To effectively use these different design paradigms, developers should want to keep them in different namespaces and leverage the type system to model a domain.
Developers will also need to understand the JVM and its proclivities, such as Garbage Collection. But, Alexandros pointed out, you may at times also need to drop down to mutable states and primitives.

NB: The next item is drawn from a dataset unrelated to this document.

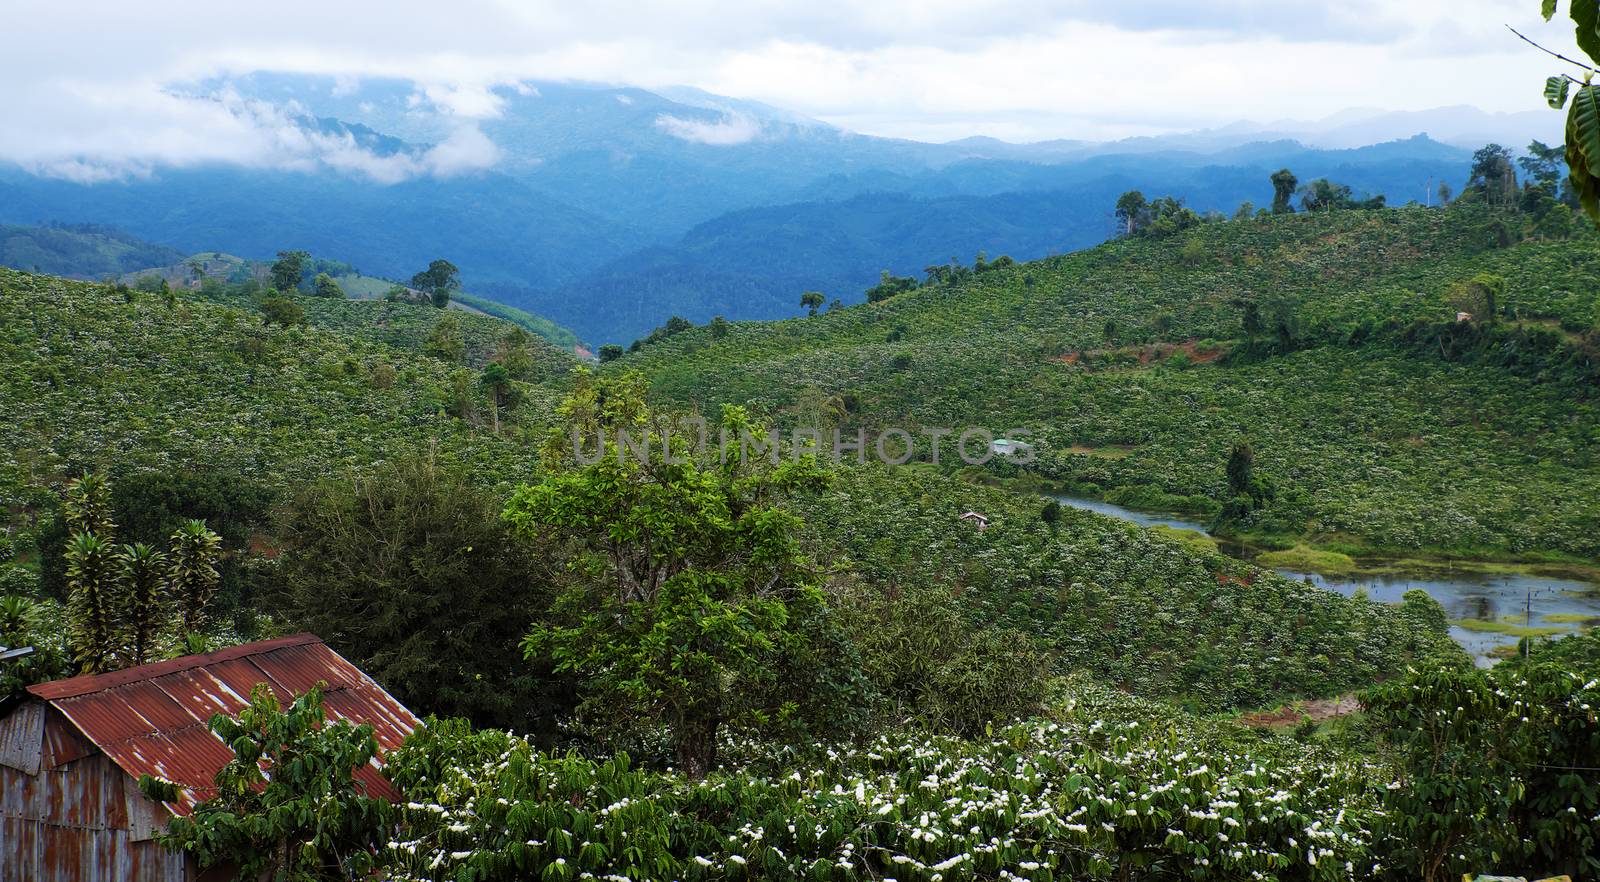 wide coffee plantation in blossoms season by xuanhuongho

You can do a lot with Scala, so it is best to know and set your boundaries.
ScyllaDB on AWS
Tubi runs its server cluster on 4x i3.4xlarge instances with a replication factor of 3. This is connected to two clients supporting its Popper and analytics API, and two supporting data input from Kinesis. All four of these clients run on c5.2xlarge instances.
One of the many things that Alexandros appreciates about ScyllaDB is its lack of JVM. “I know how to do JVM tuning but I don’t want to spend my time doing this. I want to spend my time building applications.”
“I know how to do JVM tuning but I don’t want to spend my time doing this. I want to spend my time building applications.”
— Alexandros Bantis
Another aspect of ScyllaDB he appreciated was the read latency at peak. Tubi is often getting bursty traffic. Even during those peak times he was seeing sub-millisecond average latencies and P99s of 4 to 8 milliseconds. “So it’s super fast.”